33:戦闘開始
がんばれシノたち!私は陰で見守っているよ!(無責任)
読んでくれて(´▽`)アリガト!
「解けて!!」
「アクアフレイム!!」
ウンディーネからは解除の魔法を、落下中のアリシアからは水と火の融合魔法を、二人は同時に叫びました。
うぉんうぉん、と、唸りを上げる赤黒い獣の周りに無数の水の柱が立ち上がり、それを包むようにアリシアの炎と水の刃が襲い掛かります。
ごおおぉぉぉん、と、重い振動があたりを揺らしました。
「シノ様! 今助けます!」
少し手荒になりますが!と後に付け加え、ウンディーネは服屋から飛び出し、シノを水で包みつつ、服屋の中へ放り投げました。
落下中のアリシアは水魔法の衝撃緩和を詠唱、発動します。
屋根から水の球体が現れ、ウンディーネの魔法がなければ無傷では済まなかったアリシアの落下の衝撃を吸収しました。
「アリシア・ロスタート! 私の魔法では暴走を解除することができないようです!」
水と炎がぶつかってできた水蒸気の中から現れた、傷一つない獣を見てウンディネが叫びました。
「わかった! 弱らせるからタイミングを見計らって魔法を!」
「わかりました! 援護魔法を強化します! アリシア・ロスタート!」
「言いにくいだろうからアリシアでいいよ!」
「はい! 魔法陣展開! 我が呼びかけに答えよ、水の女神! アクアカバー!」
アリシアの足元に魔法陣が展開、青く光ってアリシアを包み込みます。水魔法強化、衝撃緩和、スピード上昇のバフが付きました。
アリシアは屋根を蹴り、獣に向かって一直線。
「アクアショット!」
右手を突き出し、水弾を発射しようとしました――が。
「ワールド・エンド・フリーズゥ…」
獣が重い口を開き、聞き取りづらい音を出します。
瞬間、視界が真っ青に染まり―――獣の手から見えた、帯のような一瞬の金のきらめきを見て、
「!? ユ……ーリ……!?」
今度は視界が真っ赤に染まって、徐々に光をなくしていきました。
***
「んがゅッ」
シノはぐるぐる転がって、どすっと何かに思い切りぶつかりました。痛くもないのに変な声が出てしまいます。
「ん…? 緑?」
目を開けると一面緑で…ってああそうか、私の草か、と思い返し、
「あの男の子…痛い…」
まだ頭がずきずきするシノ。
なんでだろう、今までこんなことなかったのに、そういえば、なんでマリョクさんと話せたんだろう?と、疑問が浮かんできました。
「…た……し………ピコン! 同調完了、同調完了」
「ん?」
少しボーっとしていると、機械的な音が聞こえました。かと思えば、目の前には青いマリョクさんが一つ浮かんでいます。
「こんにちは、シノ」
「??? こん…にちは?」
そして普通にしゃべっります。はっきり、ばっちり、しっかり耳に届きます。
ほわほわ光ってしゃべる様は、今までのマリョクたちとは、少し雰囲気が違いました。さっきまで届いていた声は、ぼそぼそといった聞き取りづらいものだったのですが…。

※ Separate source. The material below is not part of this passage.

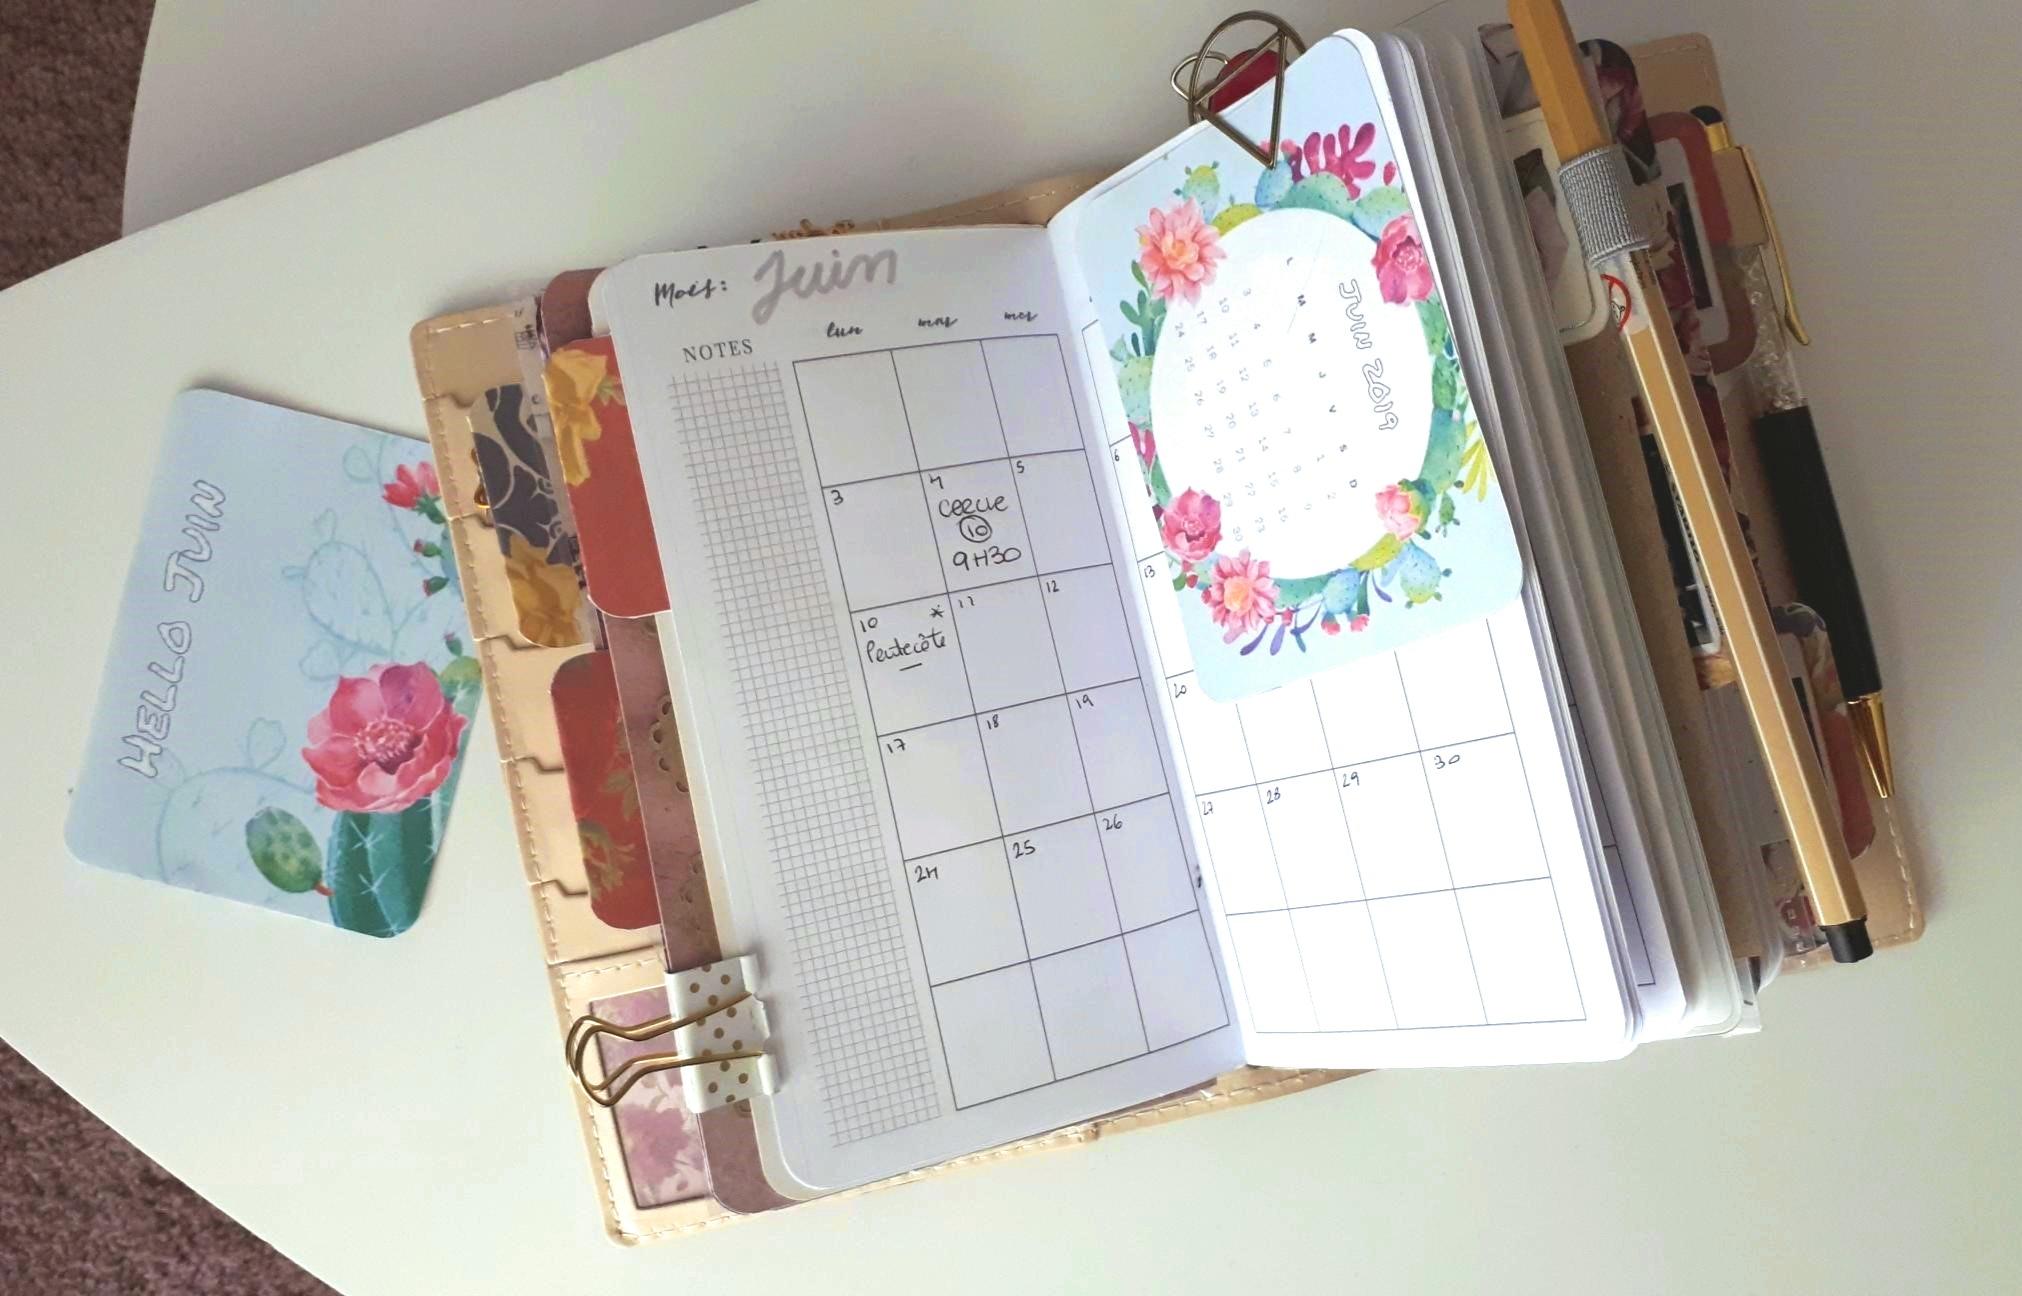 Calendrier et fond d'écran juin 2019 cartes journaling
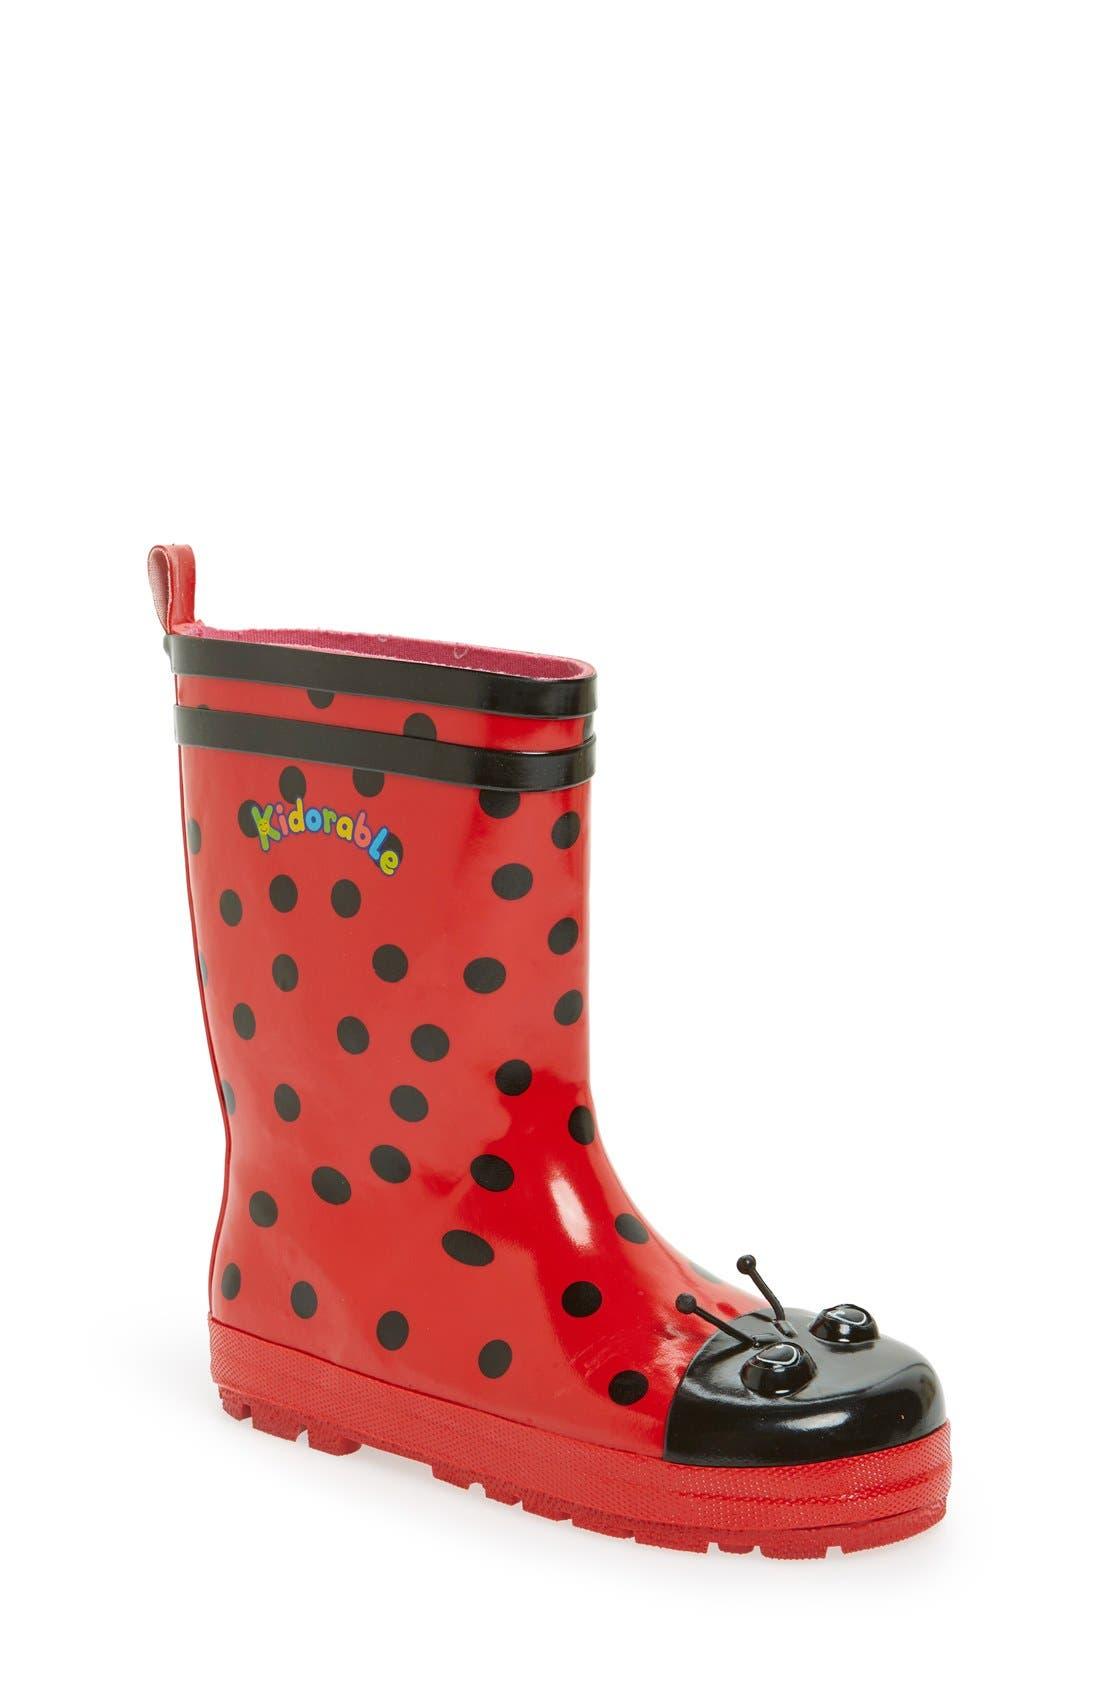 'Ladybug' Waterproof Rain Boot,                             Main thumbnail 1, color,                             Red

「私は群青の魔力。同調が完了したので、テスト運転だ」
「どーちょー?かんりょー?てすとーうんてんー? …なにそれ?」
聞きなれない単語がシノの耳に入ります。
どれも聞いたことがありません。
「こっちの言葉だ。気にしなくて大丈夫だ」
なんだか話し方がバスッとしています。偉い人感が…少し…というかだいぶ、にじみ出ている気がします。
「ところでシノ。ここの状況を伝えてはくれまいか」
「…?」
なんか言葉が難しいです。シノはちょっとめんどくさくなり始めました。
「むん…今、どんな感じだ?」
お、優しくなりましたよ。これならシノもバリバリわかります。
「えっとね、ぐおおおってなって、どーんってなって、ゴンッって感じだよ」
「擬音語は状況が伝わらない。もっと詳しく、言葉にしてしゃべってくれ」
「コレガワタシノモテルサイダイゲンノチカラデス」
なんかこのマリョクシノに対して辛辣です!ひどい!シノが泣いてしまうではありませんか!!!
「むーん…しかたないから、自分で見てくることにする」
そう言って、シノを置いて行って外へ出てしまいました。
「あいつ…! 草まみれにしてやる!」
無下にされたことに初めて怒ったシノだったのでした。
マリョク登場。なんかひでーな…シノちゃん!くじけるな!
アリシアは時間を止められてしまいましたよ!!どうするのでしょうか!!私も知りません!暴走列車の中、一人膝を抱えて座るのみです!